__Brief__
Scan the entries below for the word "фото". Copy each line that has it.

__Excerpted data__
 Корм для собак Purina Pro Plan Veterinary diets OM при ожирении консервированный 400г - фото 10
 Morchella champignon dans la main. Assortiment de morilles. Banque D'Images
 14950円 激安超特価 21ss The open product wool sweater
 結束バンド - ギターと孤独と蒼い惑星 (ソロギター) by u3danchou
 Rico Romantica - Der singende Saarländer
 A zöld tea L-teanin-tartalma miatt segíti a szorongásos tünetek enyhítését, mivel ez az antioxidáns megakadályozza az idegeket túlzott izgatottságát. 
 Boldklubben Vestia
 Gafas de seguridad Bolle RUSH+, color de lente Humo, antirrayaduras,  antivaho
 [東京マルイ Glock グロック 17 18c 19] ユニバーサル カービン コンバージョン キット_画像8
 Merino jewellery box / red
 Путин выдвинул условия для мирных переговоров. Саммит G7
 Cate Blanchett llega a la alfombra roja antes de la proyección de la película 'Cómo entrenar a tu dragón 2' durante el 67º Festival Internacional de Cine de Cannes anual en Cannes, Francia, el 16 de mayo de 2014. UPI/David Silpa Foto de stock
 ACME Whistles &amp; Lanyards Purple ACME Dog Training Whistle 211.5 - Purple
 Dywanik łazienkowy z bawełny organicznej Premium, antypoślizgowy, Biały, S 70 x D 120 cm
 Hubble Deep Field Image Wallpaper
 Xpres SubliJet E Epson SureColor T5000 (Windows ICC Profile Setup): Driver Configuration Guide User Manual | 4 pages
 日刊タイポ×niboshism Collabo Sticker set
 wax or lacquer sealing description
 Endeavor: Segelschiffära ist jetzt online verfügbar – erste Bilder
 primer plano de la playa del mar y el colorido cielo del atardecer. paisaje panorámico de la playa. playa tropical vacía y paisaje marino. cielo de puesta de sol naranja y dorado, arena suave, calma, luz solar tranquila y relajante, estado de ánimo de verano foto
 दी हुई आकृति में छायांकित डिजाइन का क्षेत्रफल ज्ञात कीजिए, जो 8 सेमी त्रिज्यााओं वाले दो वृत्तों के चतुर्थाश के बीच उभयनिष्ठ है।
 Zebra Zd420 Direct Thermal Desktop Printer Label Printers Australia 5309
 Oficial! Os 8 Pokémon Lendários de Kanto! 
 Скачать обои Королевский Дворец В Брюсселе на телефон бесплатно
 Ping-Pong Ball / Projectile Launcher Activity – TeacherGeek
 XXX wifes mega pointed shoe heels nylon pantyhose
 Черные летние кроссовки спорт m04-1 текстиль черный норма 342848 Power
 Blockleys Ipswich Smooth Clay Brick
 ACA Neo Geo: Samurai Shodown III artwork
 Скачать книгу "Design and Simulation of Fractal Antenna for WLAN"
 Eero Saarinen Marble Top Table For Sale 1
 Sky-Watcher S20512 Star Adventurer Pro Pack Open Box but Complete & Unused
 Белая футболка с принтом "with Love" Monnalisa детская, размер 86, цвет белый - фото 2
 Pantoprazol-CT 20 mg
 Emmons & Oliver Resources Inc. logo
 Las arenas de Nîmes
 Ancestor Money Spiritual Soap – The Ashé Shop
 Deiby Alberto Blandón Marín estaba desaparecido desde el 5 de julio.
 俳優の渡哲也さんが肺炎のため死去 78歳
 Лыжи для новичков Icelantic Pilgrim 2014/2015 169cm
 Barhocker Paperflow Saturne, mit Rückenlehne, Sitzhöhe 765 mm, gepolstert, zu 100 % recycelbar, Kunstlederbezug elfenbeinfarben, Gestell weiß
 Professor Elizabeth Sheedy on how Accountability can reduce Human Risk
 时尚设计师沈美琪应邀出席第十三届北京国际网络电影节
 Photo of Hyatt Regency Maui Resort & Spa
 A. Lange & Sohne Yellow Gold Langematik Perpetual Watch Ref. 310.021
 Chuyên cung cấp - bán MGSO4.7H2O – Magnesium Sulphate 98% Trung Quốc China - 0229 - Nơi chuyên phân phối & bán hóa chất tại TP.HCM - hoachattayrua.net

__Solved problem__
 Корм для собак Purina Pro Plan Veterinary diets OM при ожирении консервированный 400г - фото 10
 Белая футболка с принтом "with Love" Monnalisa детская, размер 86, цвет белый - фото 2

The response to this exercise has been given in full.